A frontmatter is a small section of metadata (usually expressed in YAML) placed at the top of Markdown files, usually consumed by static site generators while rendering the content into HTML files. This is what it looks like in Zine:

---
.title = "Tagged Literals",
.date = @date("2024-03-20T00:00:00"),
.author = "Loris Cro",
.layout = "documentation.html",
.draft = false,
---
# Tagged Literals

Yadda yadda...

In Zine it's also possible to specify custom fields inside of the frontmatter of each page, which can then be retrieved from the HTML layout in order to orchestrate rendering logic.

Let's consider an example where we want to use Zine to render a ticket sales page (for simplicity let's focus on the frontmatter itself):

.title = "Buy Tickets",
.layout = "tickets.html",
.draft = false,
.custom = {
  "sale_start": @date("2024-01-01T00:00:00"),
  "sale_end": @date("2024-04-01T00:00:00"),
},

In this case sale_start and sale_end are two custom fields provided by the user that don't belong to the Zine frontmatter schema.

This means that even though Zine is an application written in Zig, for all intents and purposes, we are in a similar situation to where JavaScript was, when it comes to parsing contents of the custom field.

Zine leverages tagged unions in order to recognize when a user-provided field is meant to represent a date, which brings a couple practical benefits:

  • the user doesn't have to parse a date out of a string everytime they want to access custom date fields
  • a malformed date will result in a frontmatter parsing error, instead of a template evaluation error

Concrete Tips

The goldern rule of tagged literals (and maybe of a few other things as well):

Abstract purity doesn't belong in engineering.,

Resist always the temptation of creating tagged literals for abstract reasons. Always think of the practical implications and act exclusively in accordance to the intent of achieving a practical outcome.

Manual editing or automated generation?

If your Ziggy data layout is going to be edited by humans manually (e.g. it's a config file format), then they might benefit from the affordance offered by a tagged literal, like dedicated documentation and autocomplete suggestions. Although you should also keep in mind that if your literal is only used in one place, then a field doc comment might suffice (like in the chat message use case).

If your data layouts are instead designed to be consumed by programs (e.g. API messages), then the previous point become much weaker and you will want to leverage other considerations in order to make a final decision.

Who will consume your data layout?

If your Ziggy data layout might be consumed by clients implemented in dynamic languages, they might want to parse your Ziggy documents without hardcoding a schema in their code, and in that case tagged literals could help them improve their parsing experience.

If your data layouts are instead going to be consumed exclusively by statically typed, compiled, low-level languages, then you will want to leverage other considerations in order to make a final decision.

Do you have user-provided fields?

If you Ziggy data layout accepts user-provided fields, and users are allowed to input strings that represent types understood by your application (e.g. dates) then you have a good reason to defne those types as tagged literals.

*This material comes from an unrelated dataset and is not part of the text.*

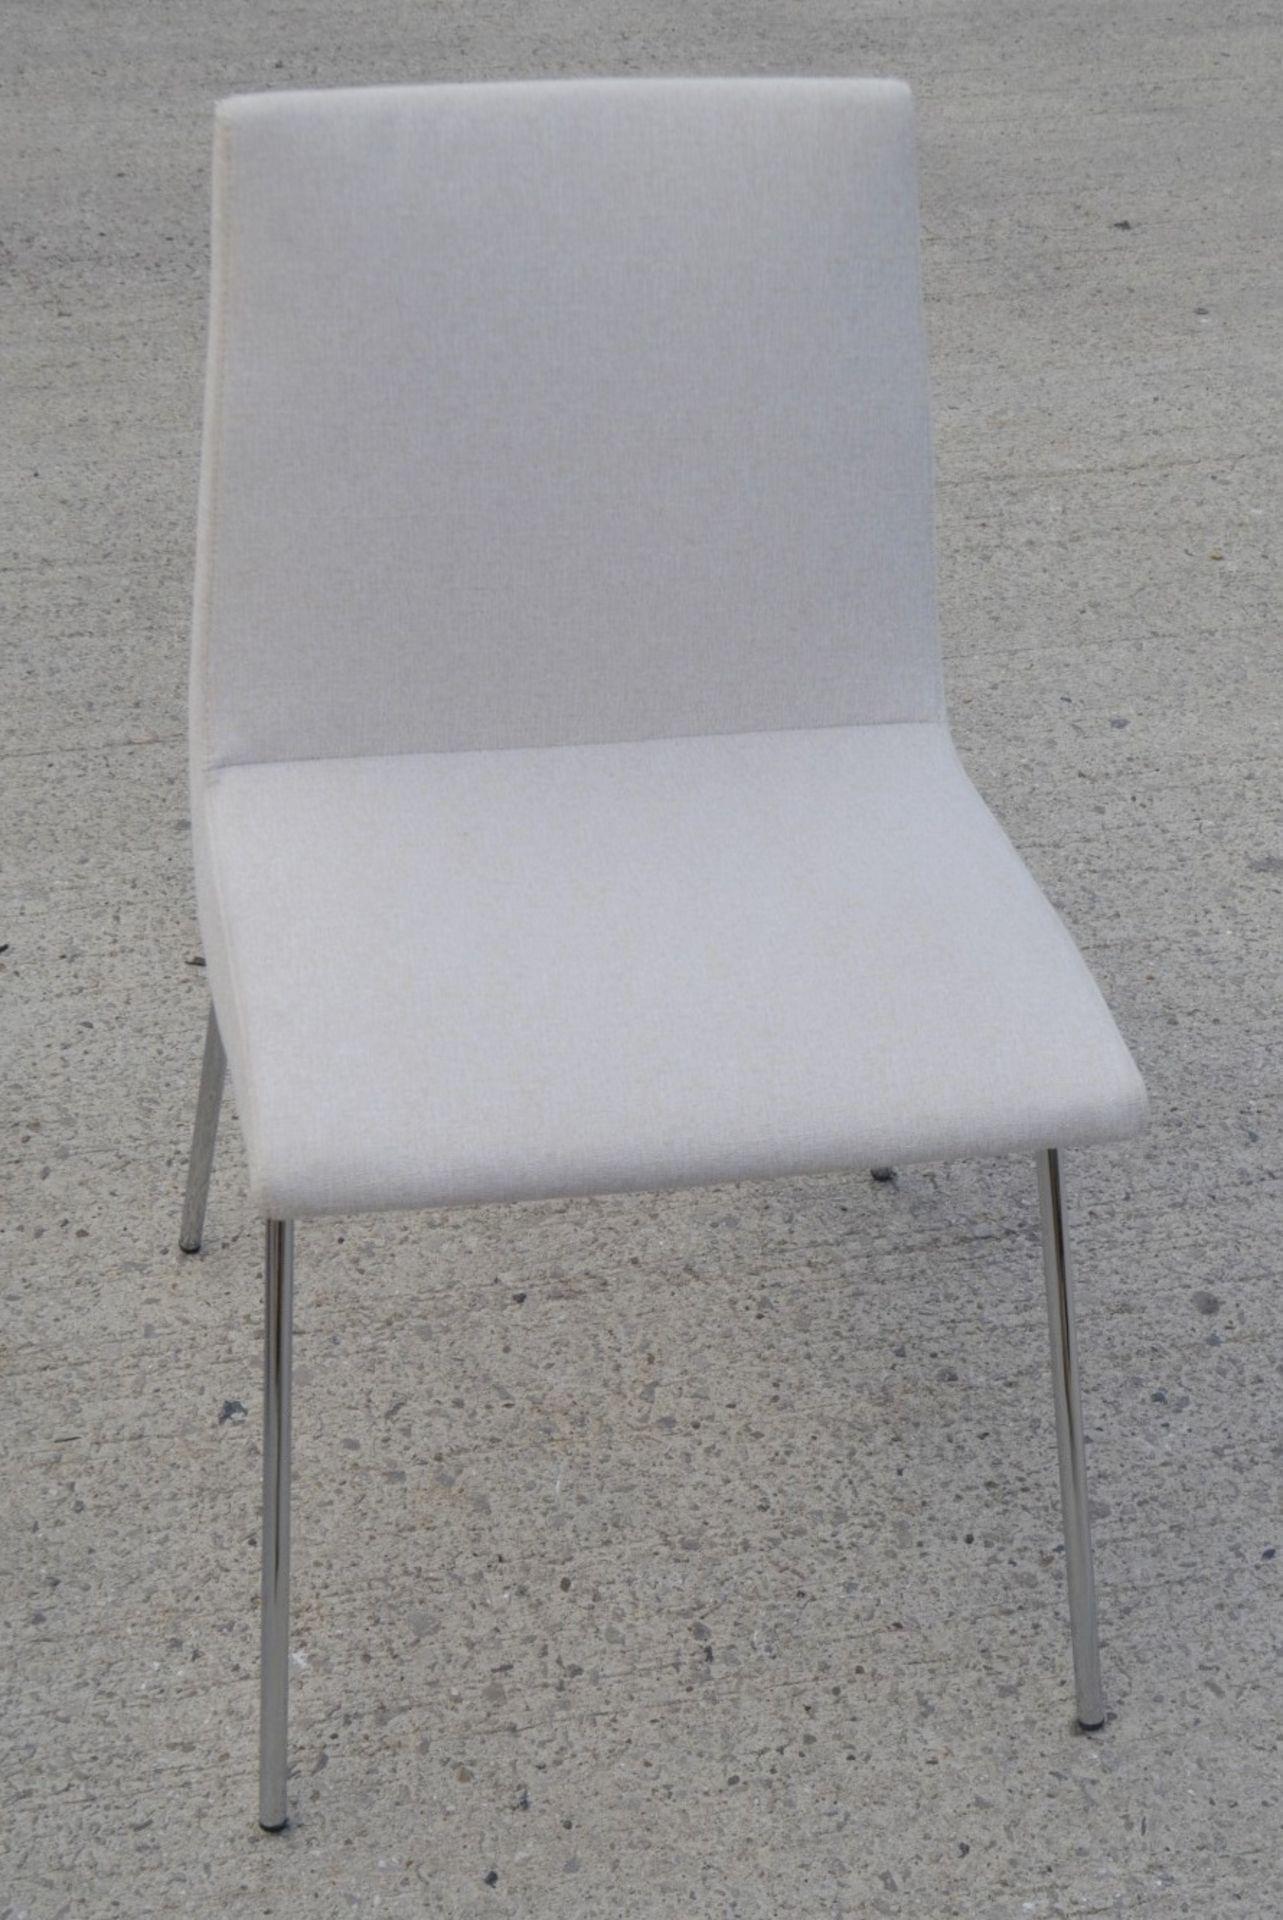 Pair Of LIGNE ROSET 'TV' Designer Dining Chairs In A Light Neutral Beige Fabric & Chromed Steel Legs - Image 9 of 9

It should be noted that this last point should still be evaluated in light of the "avoid abstract purity" principle. It's often the case that applications must deal with many literals, like @url or @path for example, but that doesn't immediately mean that one should create literals for each.

The Zine frontmatter example was relevant precisely because by recognizing dates early the user experience got improved. If creating a tagged literal for a type doesn't trigger the same kind of practical improvement, it might be best to prefer creating a simpler schema in order to gain the very real benefit of lowering the cognitive load on your users.